Fünf 360-Grad-Kameras angeschafft
Mit dieser App sollen erstmals im Sommersemester 2020 rund 20 Lehramtsstudierende der Geographie arbeiten. Für das Seminar hat der Dozent unter anderem fünf 360-Grad-Kameras und 30 VR-Brillengestelle gekauft, in die man Smartphones einlegen kann. Die Gestelle enthalten optische Linsen, die den Bildern auf dem Smartphone eine dreidimensionale Tiefe verleihen.
Möglich wurden die Neuanschaffungen durch die Joachim-Herz-Stiftung (Hamburg). Dort hatte sich der Würzburger Geograph mit seiner Projektidee erfolgreich beworben: Er erhielt eine Förderung von 10.000 Euro und wurde als Junior Fellow ins Stiftungskolleg „Didaktik:digital“ aufgenommen. Das Kolleg sei für ihn sehr wertvoll, sagt Wirth. Denn dort kann er sich mit 60 Didaktikerinnen und Didaktikern vernetzen, deren Arbeitsschwerpunkte auf der Digitalisierung liegen und die aus verschiedenen Fächern kommen.
Corona-Pandemie macht Umplanung nötig
Wirths Seminar an der JMU steht Studierenden aller Lehrämter ab dem vierten Semester offen. Wegen der Coronavirus-Pandemie kann es im Sommersemester allerdings nicht genau so stattfinden, wie der Dozent es geplant hatte. „Die Studierenden hätten in Kleingruppen mit den Kameras in der Region selber 360-Grad-Fotos aufnehmen und daraus VR-Exkursionen erstellen sollen. Das geht vorerst nicht“, so Wirth.

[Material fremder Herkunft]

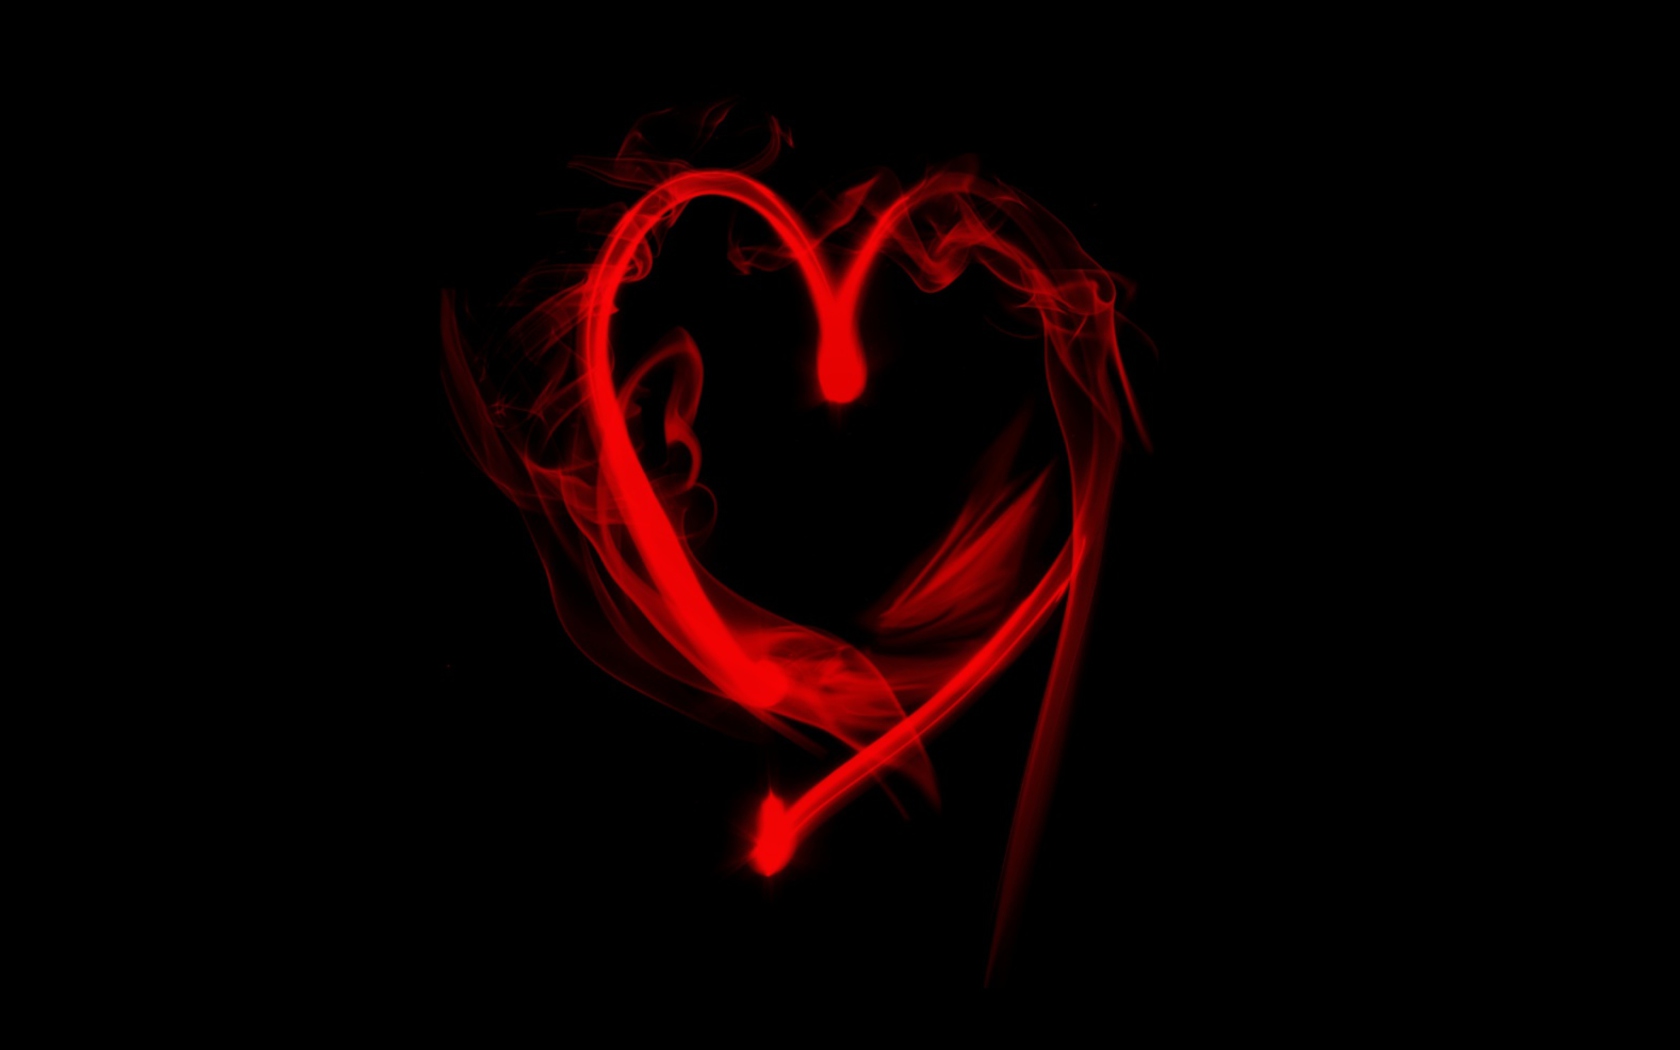 Das Flaming Heart Wallpaper 1680x1050

Darum hat er das Seminar umkonzipiert. Auch andere Lehrende der JMU organisieren derzeit ihre Lehrveranstaltungen um, damit sie am 20. April möglichst digital ins Sommersemester starten können.
Wirths Projekt lässt sich gut online durchführen. Mit seiner studentischen Hilfskraft Lisa Schrauth erstellt er Erklärvideos, in denen die Studierenden das Wissen vermittelt bekommen, mit dem sie dann weitgehend selbstständig Virtual-Reality-Exkursionen produzieren können. Passendes Bildmaterial sei online zu finden; die weitere Betreuung beim Gestalten erklärender Texte und Grafiken soll über Chats, E-Mail und Telefon abgewickelt werden. Ob die Studierenden wie geplant Ende Mai ihre selbst erstellten VR-Exkursionen mit echten Schulklassen testen können, wird sich zeigen.
Technisches und didaktisches Wissen
Im Seminar lernen die Studierenden übrigens nicht nur, wie sie VR-Exkursionen rein technisch realisieren können. Es geht auch um didaktische Grundlagen, etwa um die Frage, wie VR-Exkursionen gestaltet sein müssen, damit sie einen möglichst großen Lerneffekt erzielen.
Das Projekt ist auf zwei Jahre angelegt. Auch wenn das Seminar im Sommersemester 2020 in veränderter Form angeboten werden muss, kann es in den folgenden drei Semestern womöglich im Original ablaufen. Dann dürfen die Studierenden auf echtes Exkursionsfeeling hoffen – und mit den 360-Grad-Kameras losziehen und eigene Bilder machen.